▸ **Your assignment**
Copy each line of the data below exactly, leaving out pictures.

▸ **Data extract**

▬▬▬▬▬▬▬▬▬▬

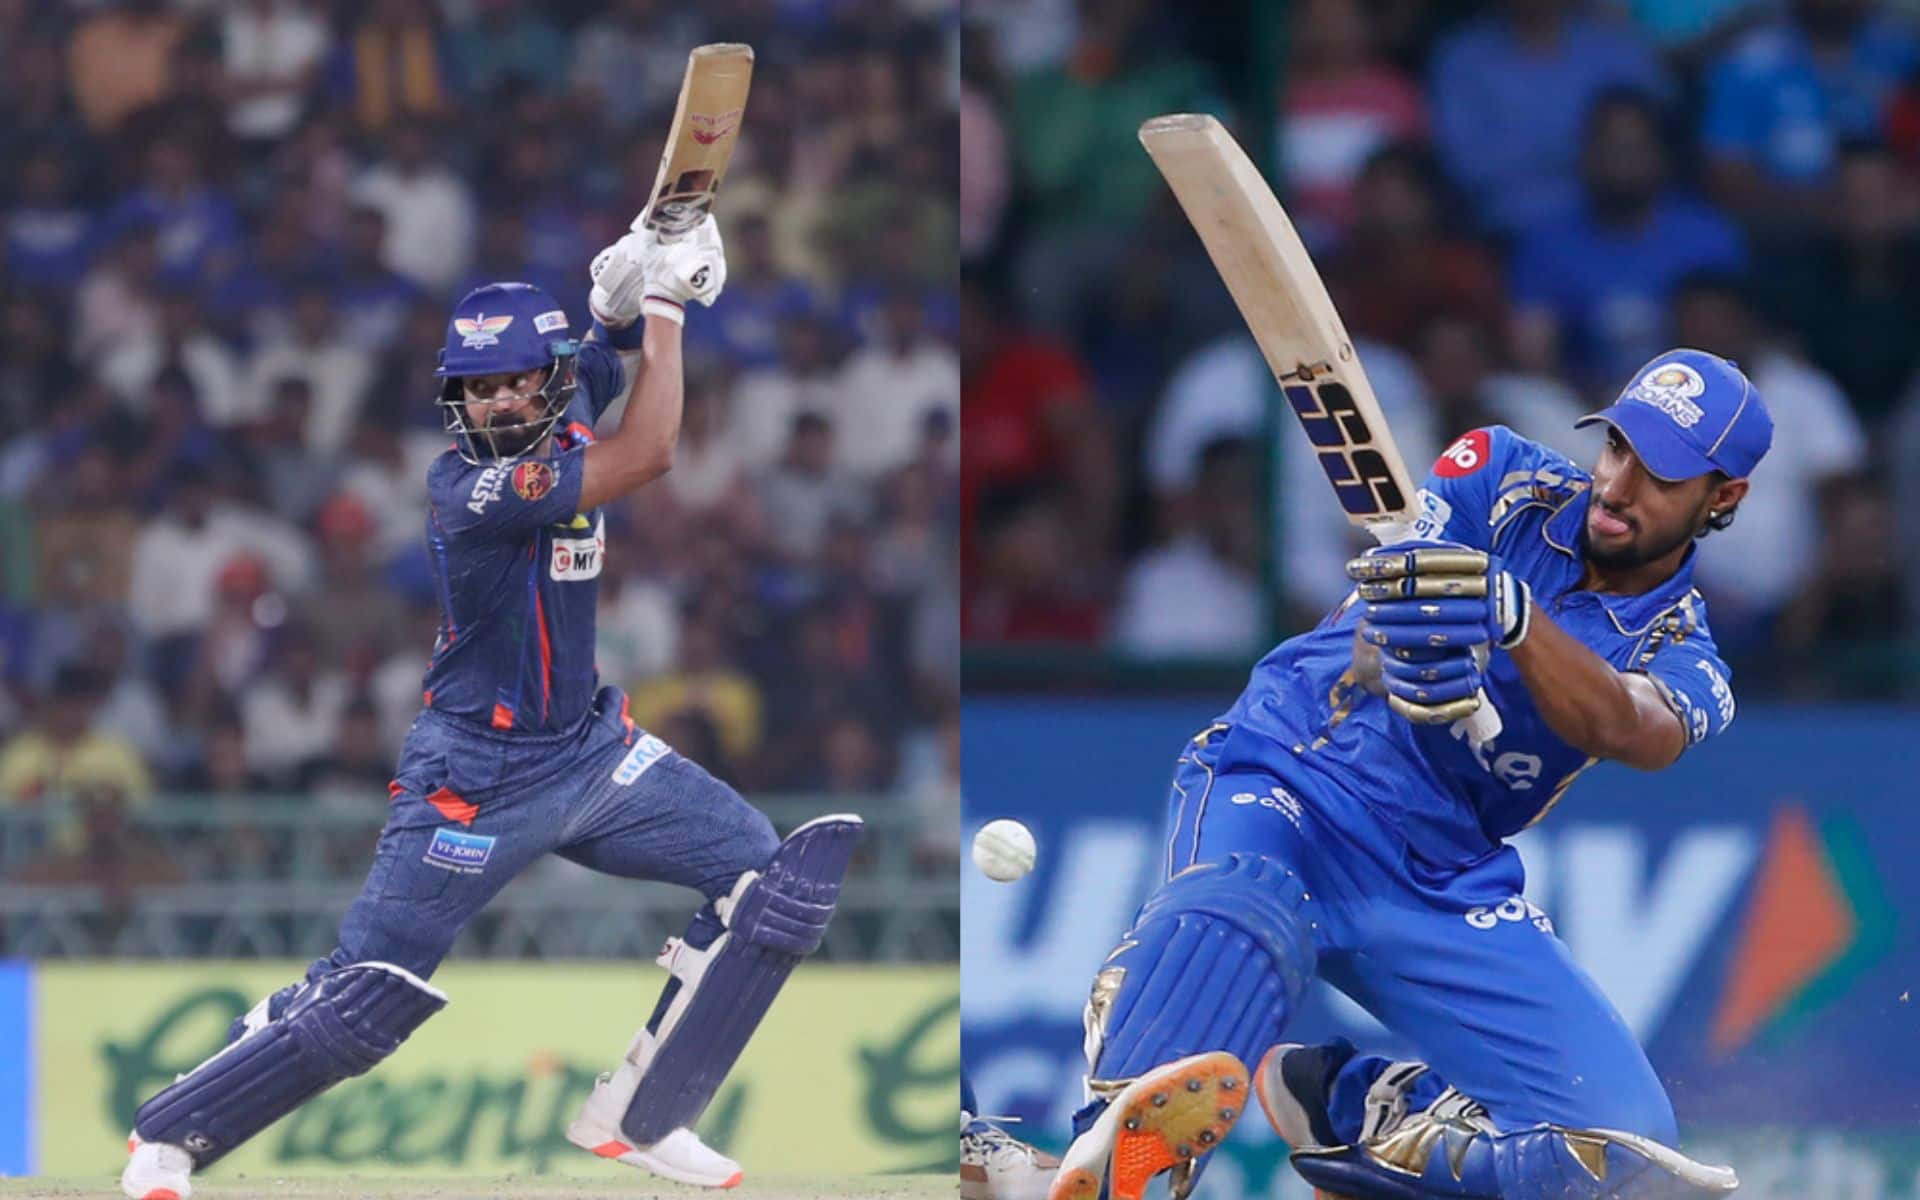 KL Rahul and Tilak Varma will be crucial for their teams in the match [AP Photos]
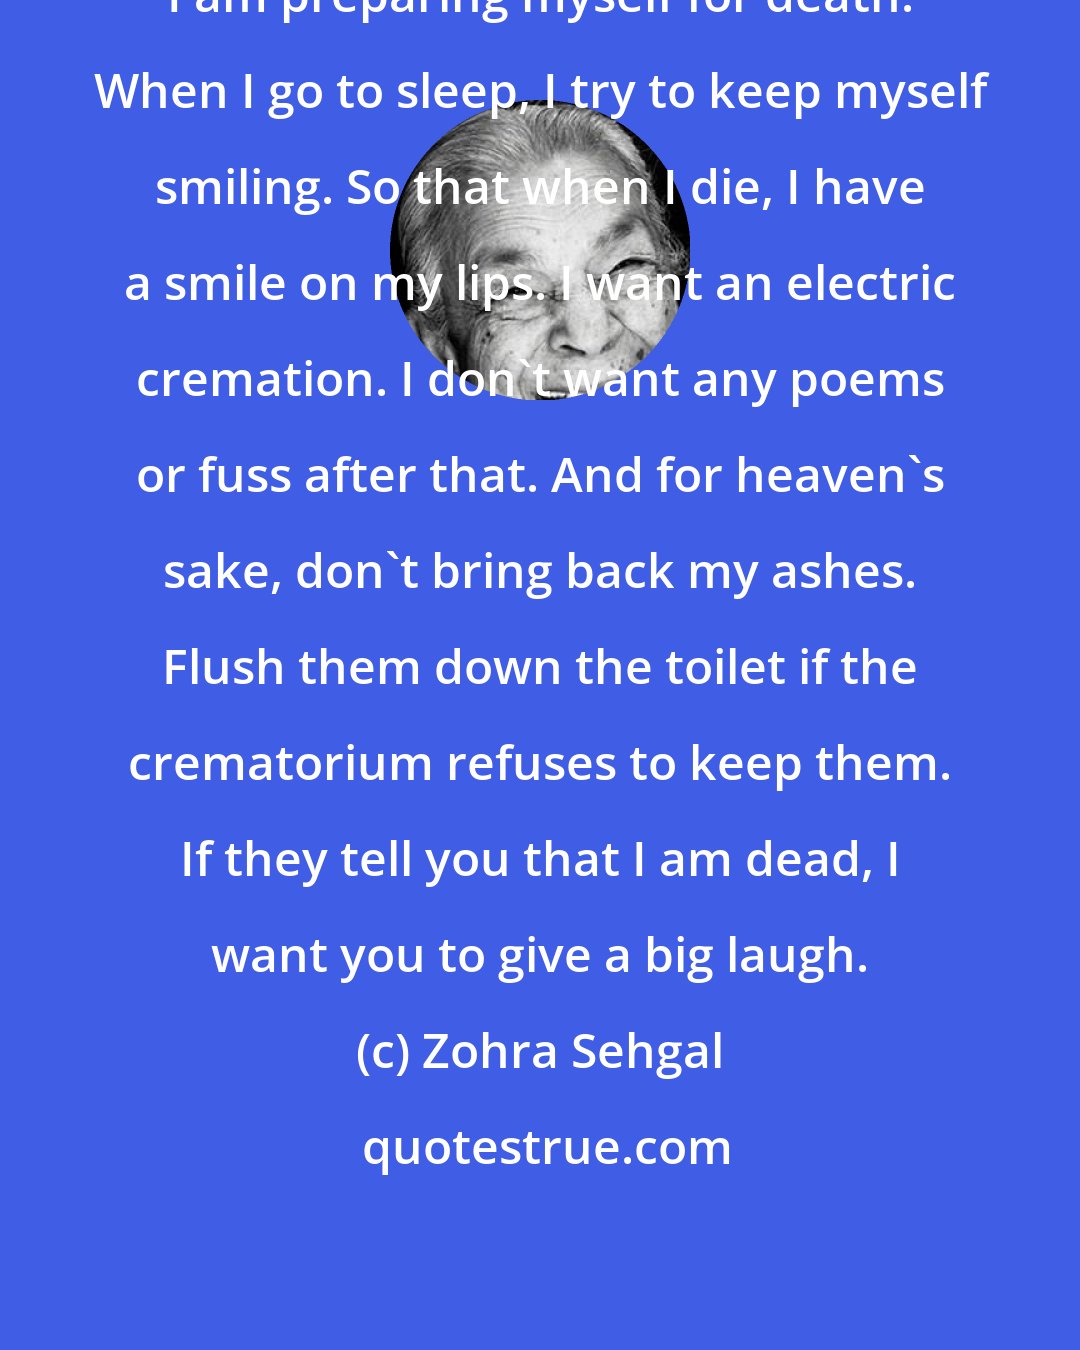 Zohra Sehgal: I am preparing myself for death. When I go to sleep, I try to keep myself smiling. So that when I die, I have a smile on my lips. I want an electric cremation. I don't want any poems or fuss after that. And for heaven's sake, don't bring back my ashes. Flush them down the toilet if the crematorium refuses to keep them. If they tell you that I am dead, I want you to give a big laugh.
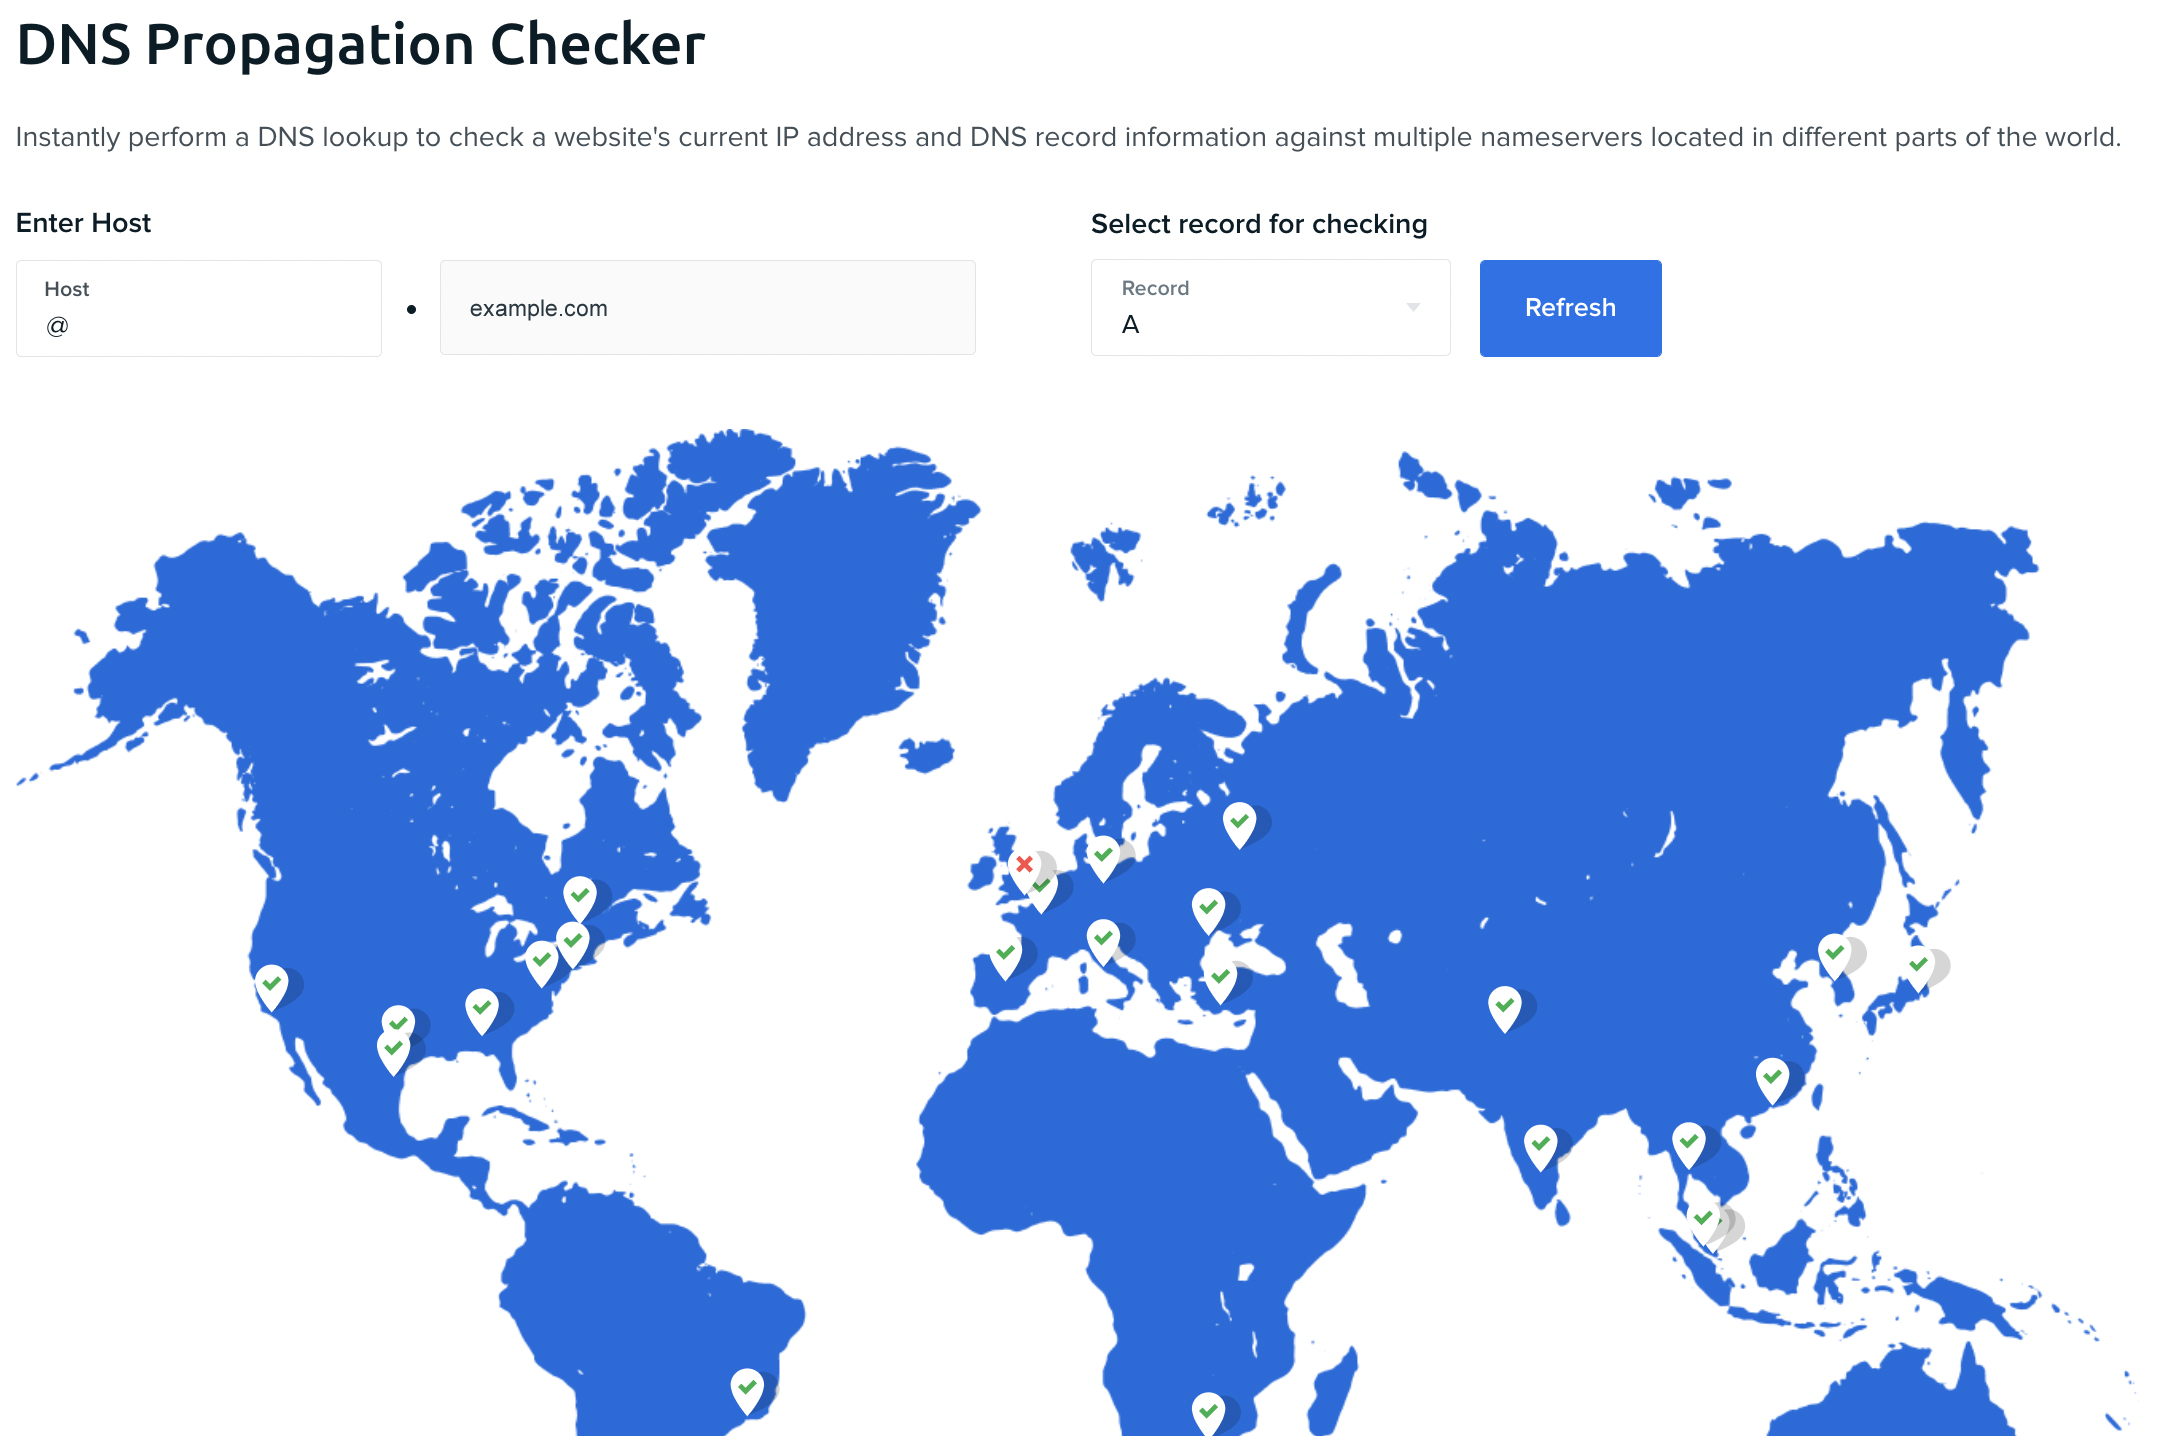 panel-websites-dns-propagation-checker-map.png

▬▬▬▬▬▬▬▬▬▬

▸ **Task result**
 KL Rahul and Tilak Varma will be crucial for their teams in the match [AP Photos]
 Zohra Sehgal: I am preparing myself for death. When I go to sleep, I try to keep myself smiling. So that when I die, I have a smile on my lips. I want an electric cremation. I don't want any poems or fuss after that. And for heaven's sake, don't bring back my ashes. Flush them down the toilet if the crematorium refuses to keep them. If they tell you that I am dead, I want you to give a big laugh.
 panel-websites-dns-propagation-checker-map.png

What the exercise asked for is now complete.